PHT 5216: Unit 2 — Thermotherapy (Superficial Heat)
1) What thermotherapy is (and isn’t)
Goal: Heat superficial tissues to increase tissue extensibility and reduce pain; may trigger reflex heating of deeper structures.
Not ideal for deep targets (e.g., deep muscle belly/joint capsule): consider other heating modalities if the primary goal is true deep heating.
2) Clinical forms you should know
Moist hot packs (MHP) — primary focus of this unit
Paraffin bath
Fluidotherapy (dry heat via convection)
Others: electric heating pads, air-activated wearables (superficial)
3) Biophysical dose: what determines the effect?
Target temperature rise: 104–113°F (vigorous heating range).
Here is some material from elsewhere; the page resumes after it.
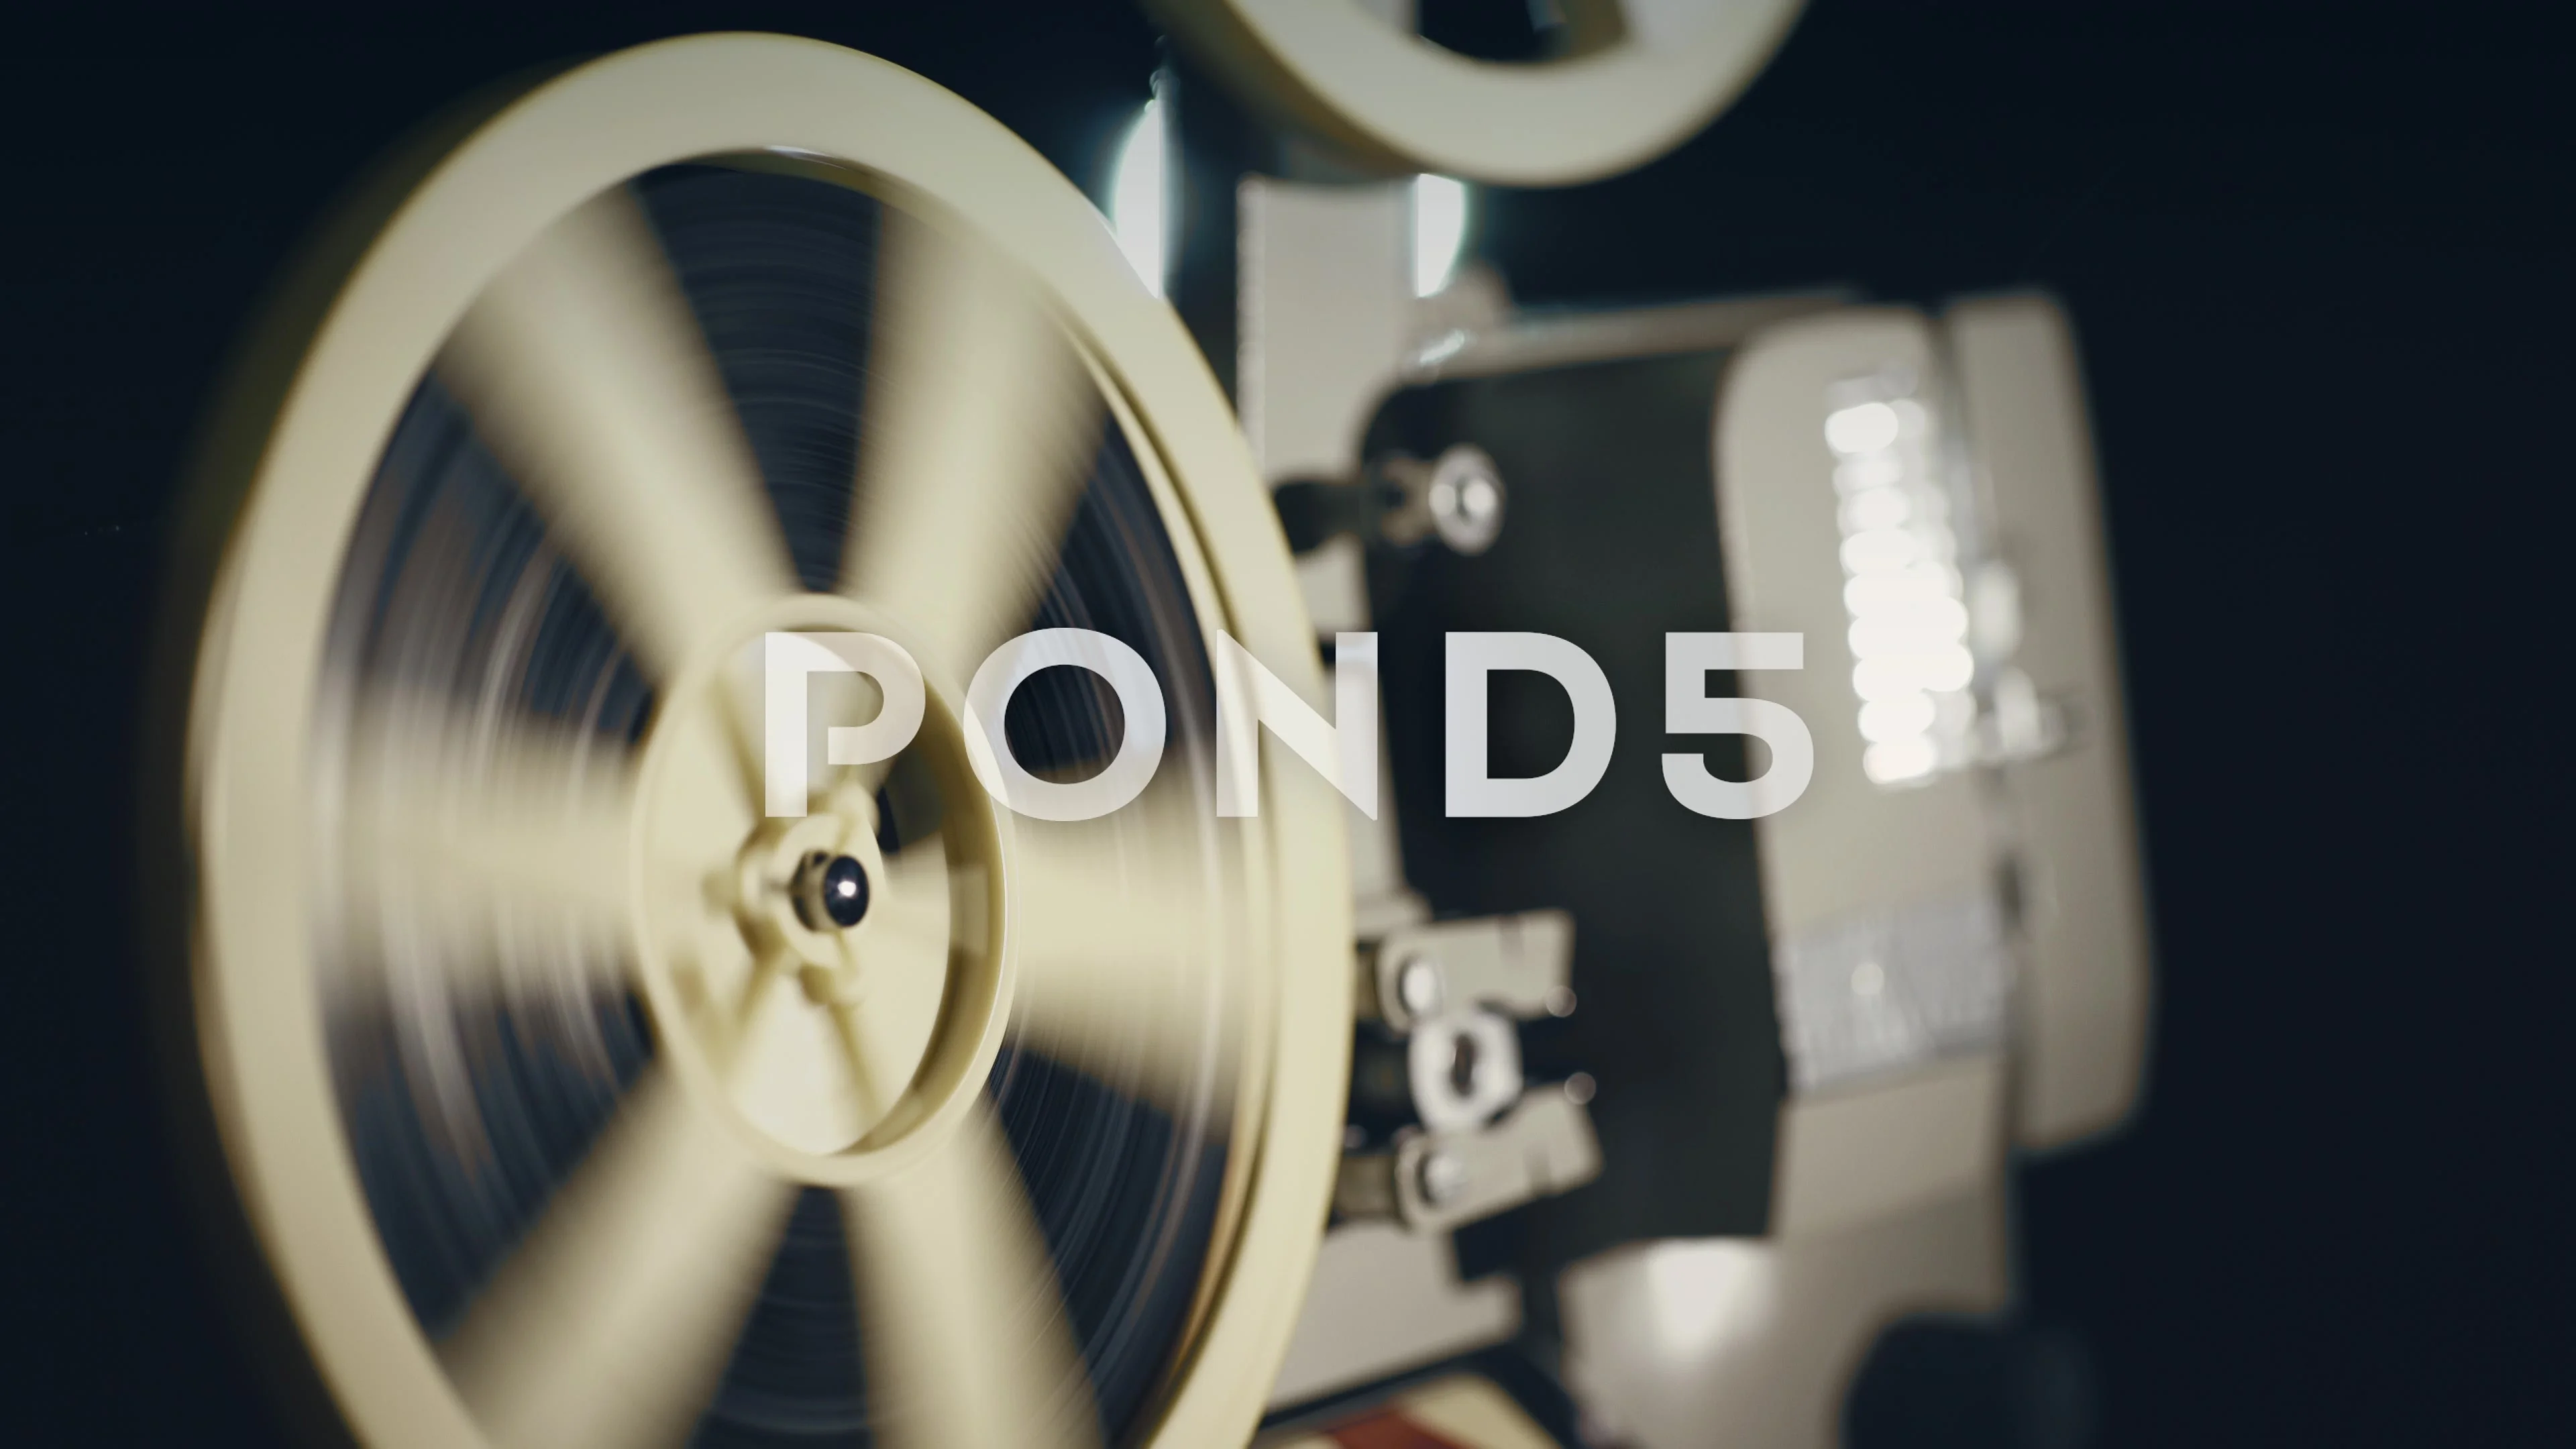 The end of the film, old movie projector, Stock Video

Above this → burn risk.
Rate of heating: Faster ↑ effect but may ↑ pain if heat can’t dissipate.
Tissue volume heated: Larger areas (e.g., hot tub/jacuzzi) → systemic responses (↑ BP/HR, possible pulmonary effects).
Tissue composition & dissipation: Highly perfused tissues change more; impaired sweat/pain sensation (e.g., C5 incomplete SCI) = burn risk.
4) Physiological effects you can bank on
Vascular
Cutaneous vasodilation (especially with moist heat)
↑ Capillary permeability → fluid shift; can mimic mild inflammatory response
Neuromuscular & Pain
Pain ↓ via thermal Gate Control (thermoreceptors inhibit nociception in dorsal horn)
NCV changes (sensory conduction altered locally and possibly distally via consensual heating)
Muscle spindle/GTO: ↓ Type II spindle afferent firing; ↑ Ib (GTO) firing → ↓ α-motor neuron activity (indirectly via ↓ γ-drive; superficial heat doesn’t penetrate to directly change α)
Connective Tissue
↑ Elasticity, ↓ Viscosity, ↓ Joint stiffness, ↑ Muscle flexibility (think better stretch tolerance post-heat)
5) Heat transfer mechanisms (match to modalities)
Conduction: direct contact → MHP, paraffin
Convection: moving medium → fluidotherapy
Radiation: EM waves (covered conceptually here)
6) Moist Hot Pack (MHP): parameters & safety (high-yield)
Storage temp (hydrocollator): 158–167°F (info sheet often lists 150–170°F)
Layering: 6–8 towel layers (MHP cover = 2 layers → add ≥4 towels); 8–10 layers if supine on the pack
Treatment time: 15–30 min (check at ~5 min); first treatment often 10–15 min
Risk: One of PT’s #1 liability modalities → educate patients not to remove layers “because they don’t feel it” (sensory adaptation happens)
7) Indications (when heat helps)
Main indication: Increase superficial tissue extensibility to aid stretching/manual therapy
Pain modulation (subacute/chronic), muscle guarding, stiffness reduction, improving stretch tolerance prior to mobility work
8) Contraindications (don’t heat these)
Impaired hot/cold sensation
Severe vascular insufficiency / compromised circulation
Recent burns; infection/open wounds
Malignancy (skin/lymphatic)
Acute injury/inflammation (can increase swelling)
Decreased cognition impacting safety
Excessive HTN (resting >160/90)
Long-term steroid therapy (thin skin → burn risk)
Others commonly listed: hemophilia, severe CV/respiratory disease
9) Heat vs. Cold: quick compare for plan-of-care decisions
Both can ↓ pain.
Cold helps limit swelling/hemorrhage acutely; Heat can increase swelling if used too early.
Choose based on healing stage, tissue goals (extensibility vs edema control), and patient factors (sensation, perfusion, BP).
10) Practical checklist (what to do every time)
Screen for contraindications/precautions (sensation, circulation, cognition, BP).
Explain purpose, expected sensations, risks; obtain consent.
Set dose: correct layers, positioning, timer; re-check at ~5 min.
Monitor skin & symptoms; document parameters and response.
11) Sample documentation line (plug-and-play)
MHP to L lumbar paraspinals, prone with pillow under abdomen; 8 towel layers; 20 min; skin intact pre/post; pt reports “pleasant warmth,” pain 6/10 → 3/10, improved forward flexion by 15°; education on home heat safety provided.
12) Safety pearls (boards & clinic)
Large-area heating (hot tubs/jacuzzi) may cause systemic responses — avoid in pregnancy.
Patients with impaired sweating or pain perception (e.g., C5 incomplete SCI) are high burn risk.
When in doubt, add layers, shorten time, and re-check early.